WHAT YOU SHOULD DO:
Return all of the data verbatim, dropping any picture.

INFORMATION SUPPLIED:
▼
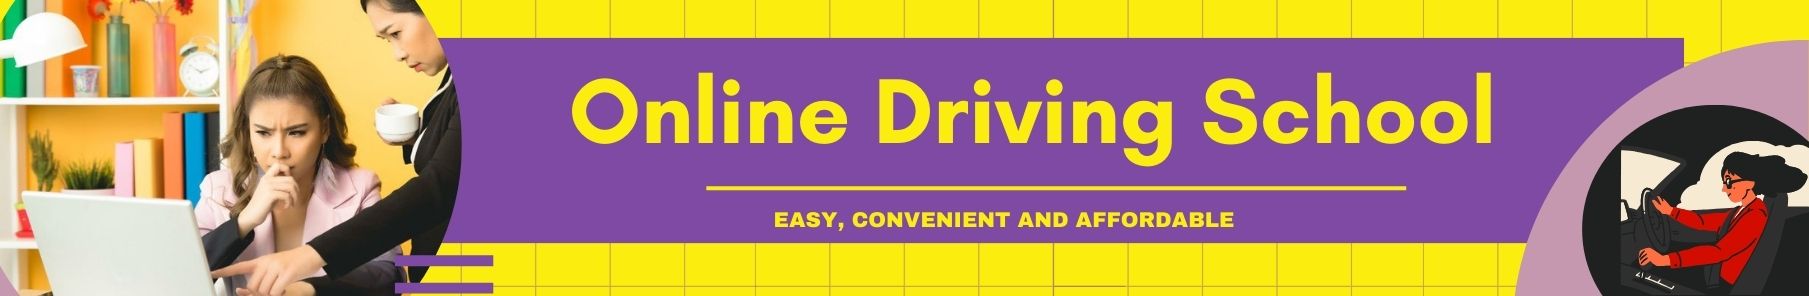 Ready to Get Your Driver's License? Enroll in Our Online Driving Courses at Driving School Irving Today!
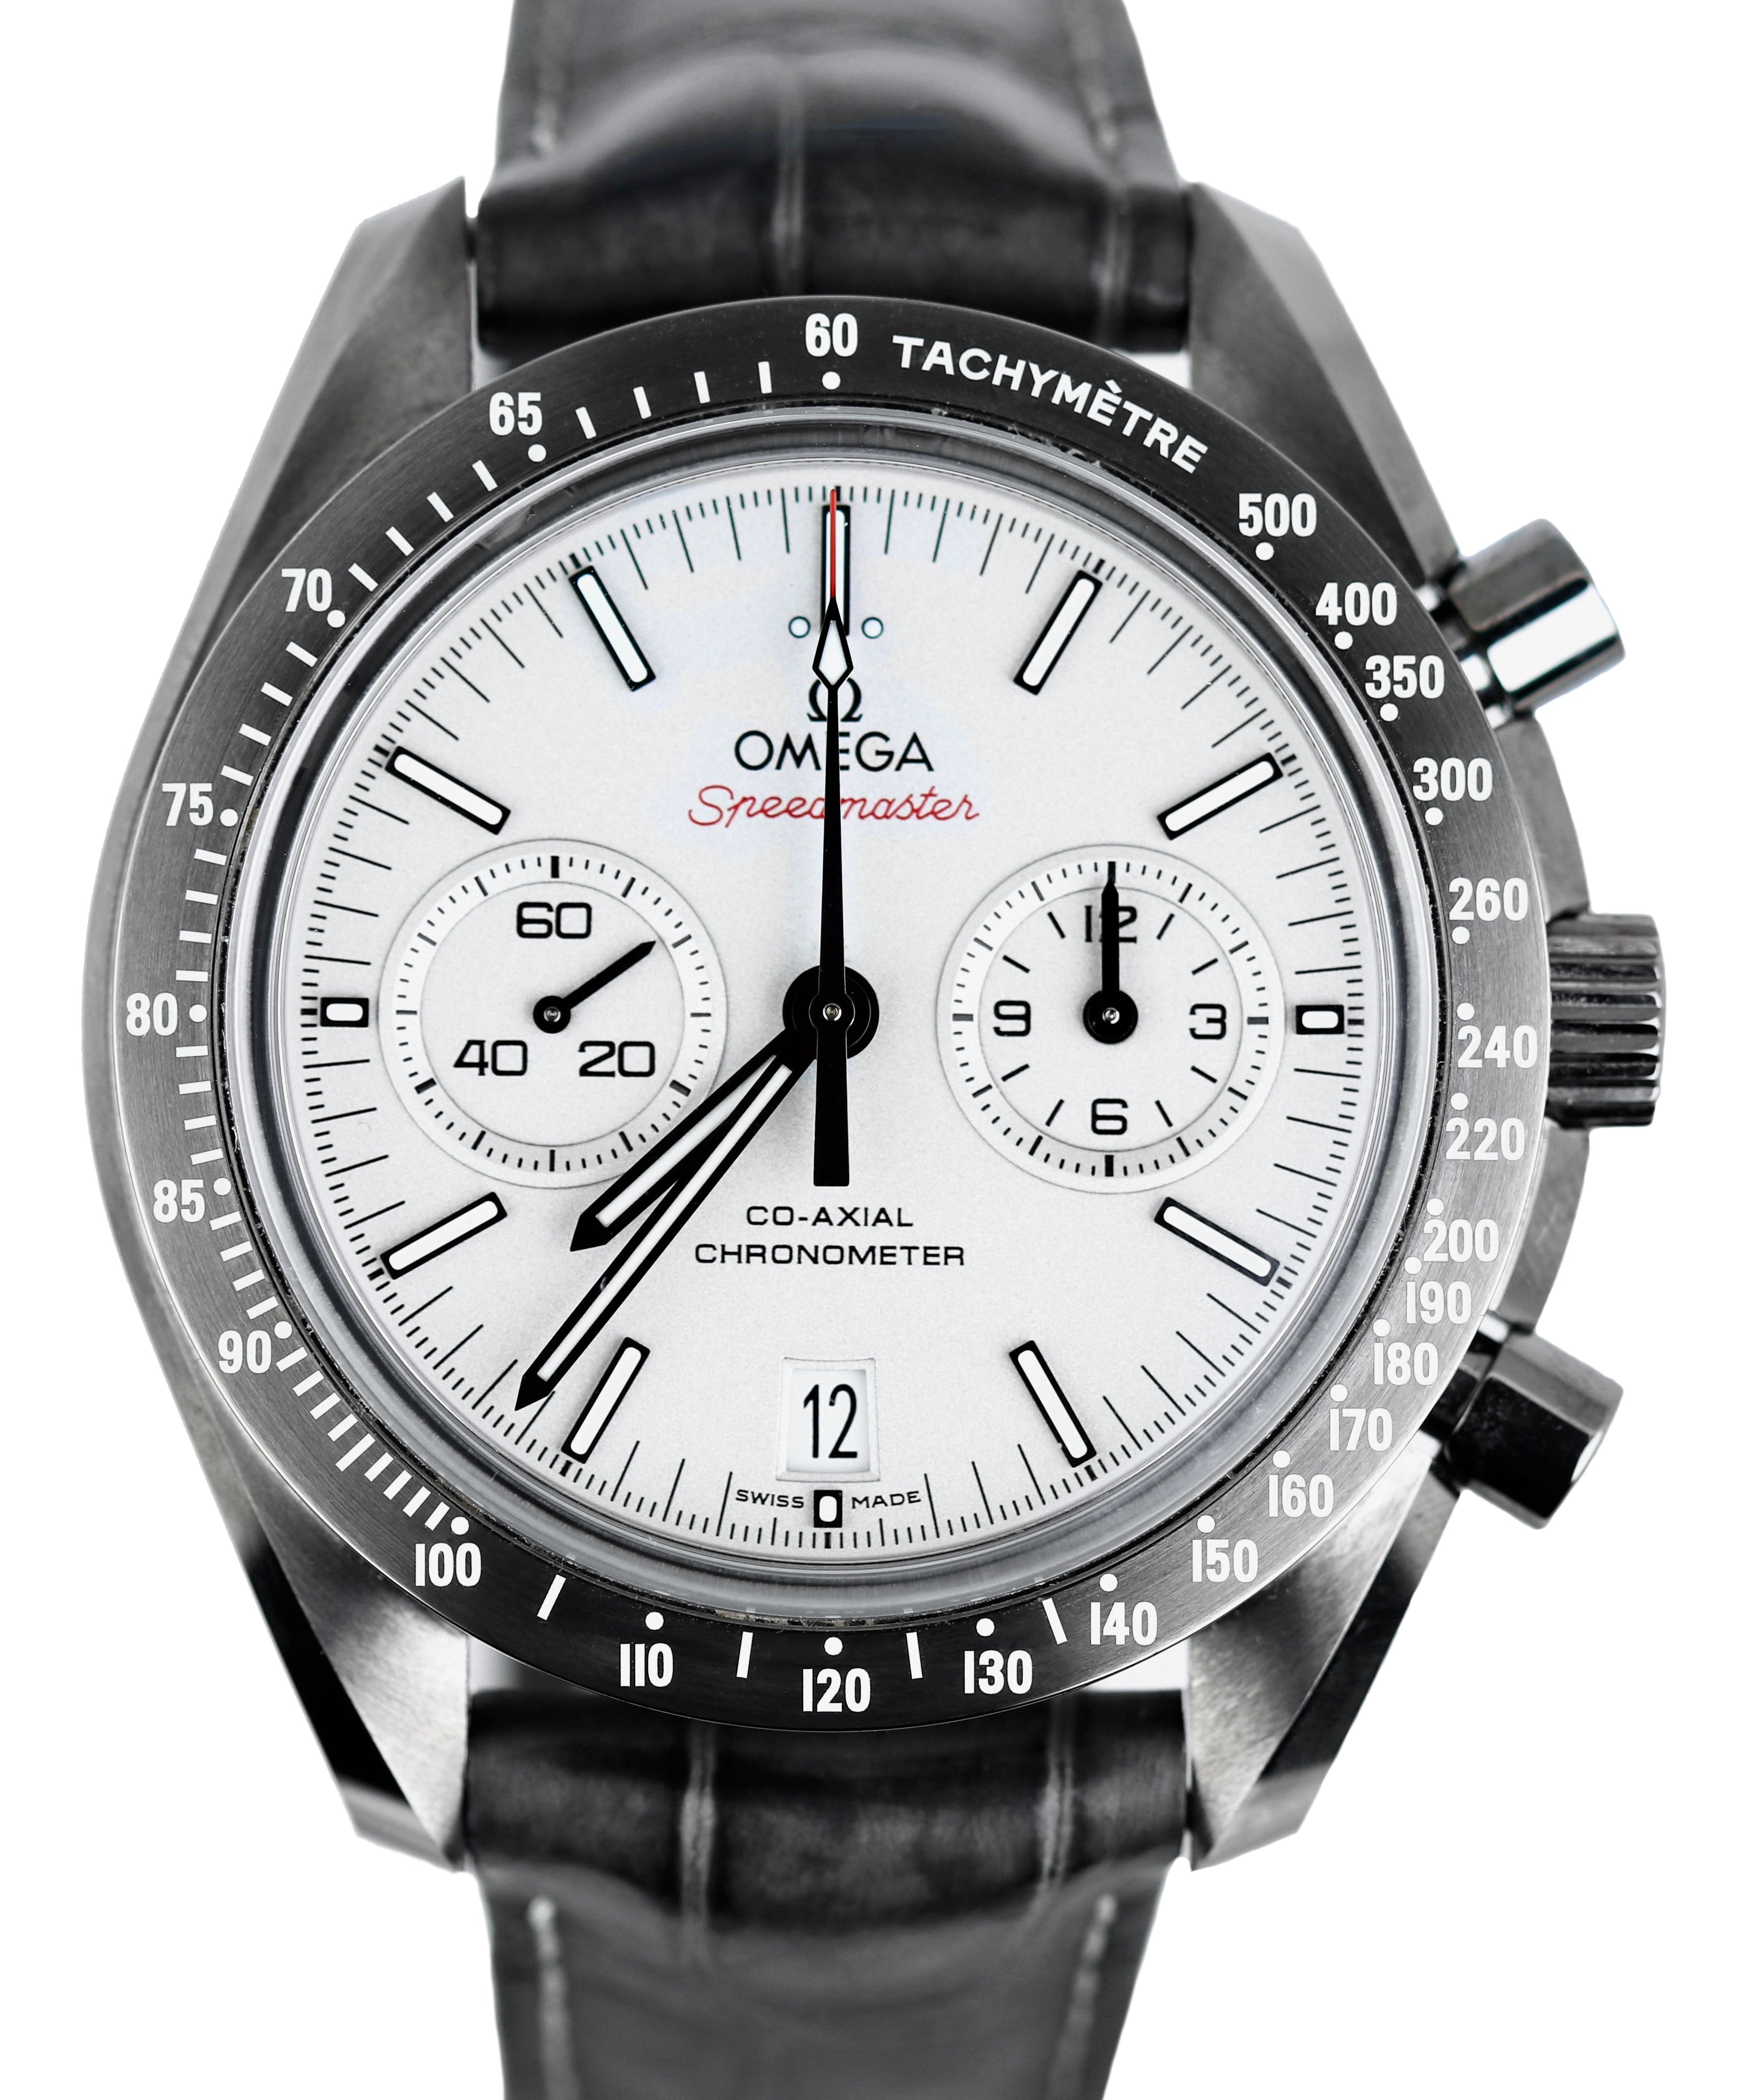 Omega Speedmaster Grey Side of the Moon 311.93.44.51.99.001 Moonwatch Co-Axial
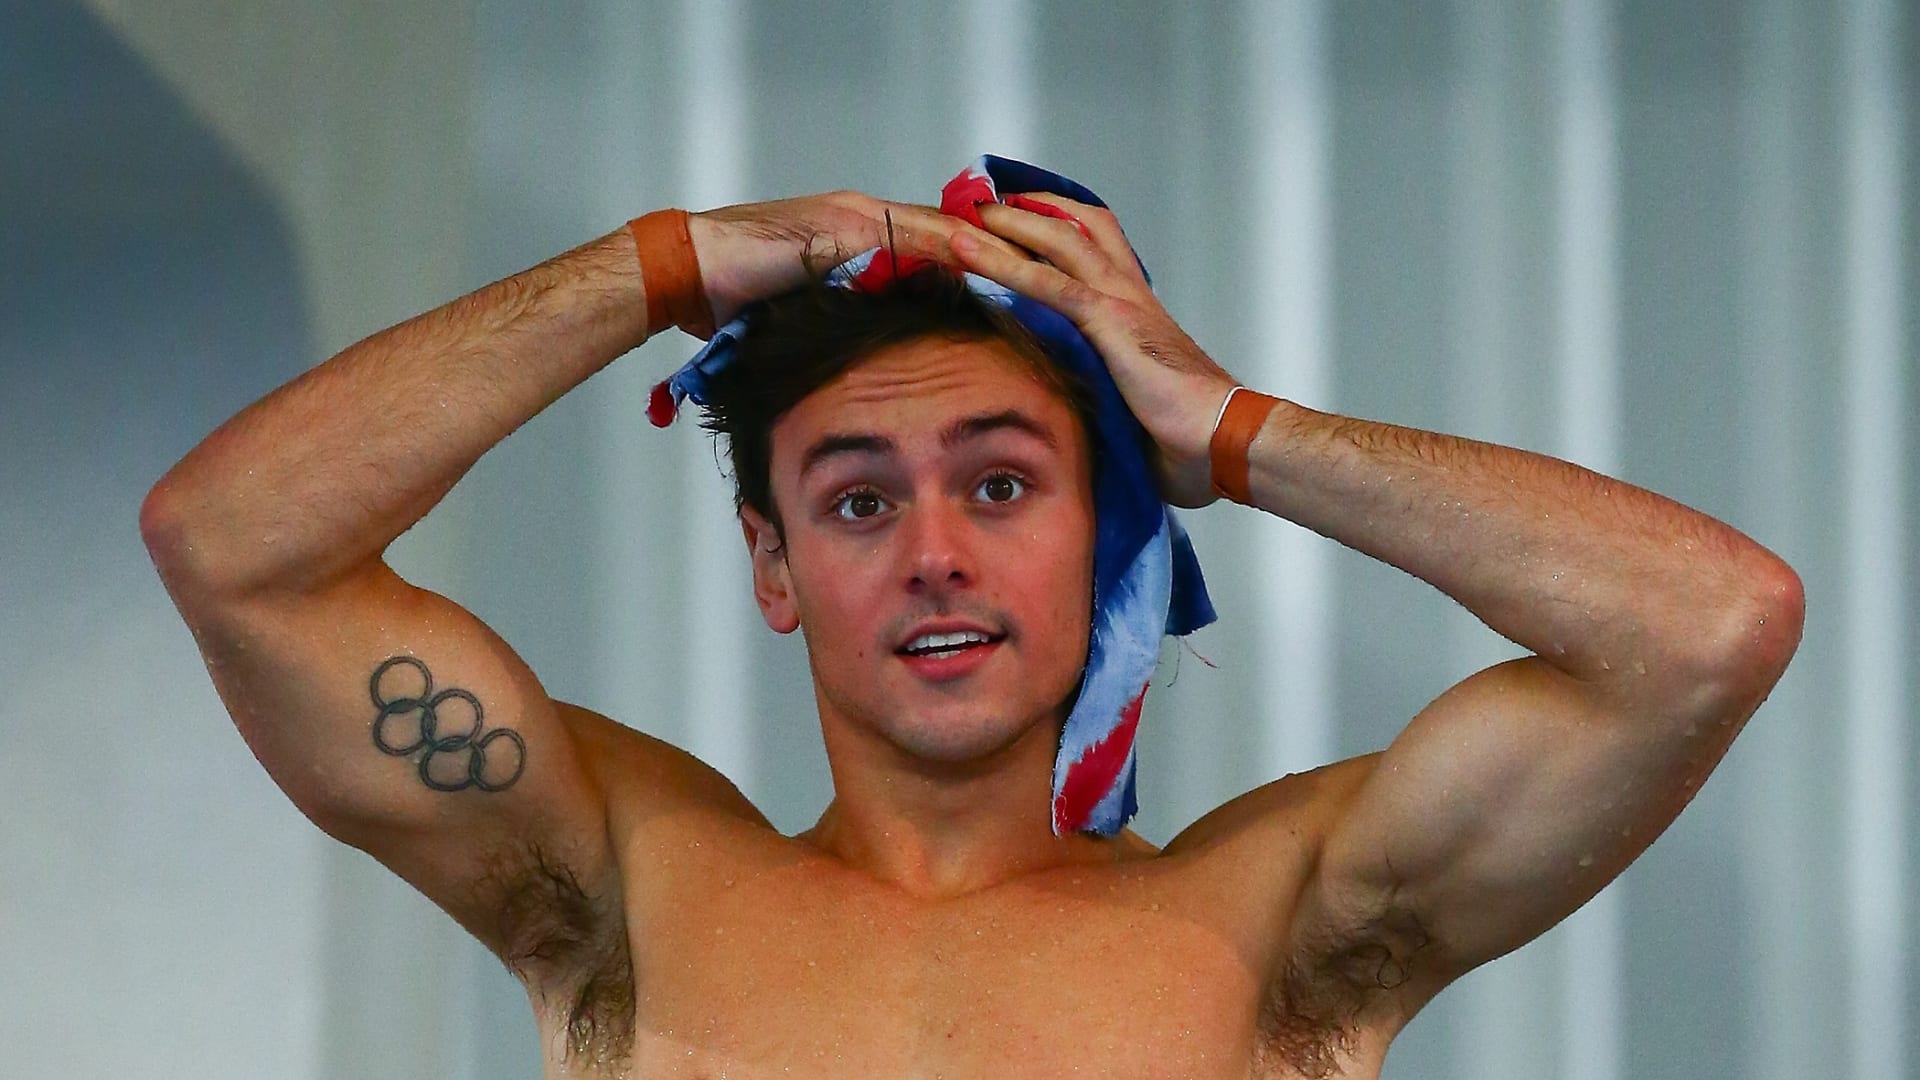 How love and meditation are inspiring Tom Daley's Olympic dream
▲
TASK RESULT:
 Ready to Get Your Driver's License? Enroll in Our Online Driving Courses at Driving School Irving Today!
 Omega Speedmaster Grey Side of the Moon 311.93.44.51.99.001 Moonwatch Co-Axial
 How love and meditation are inspiring Tom Daley's Olympic dream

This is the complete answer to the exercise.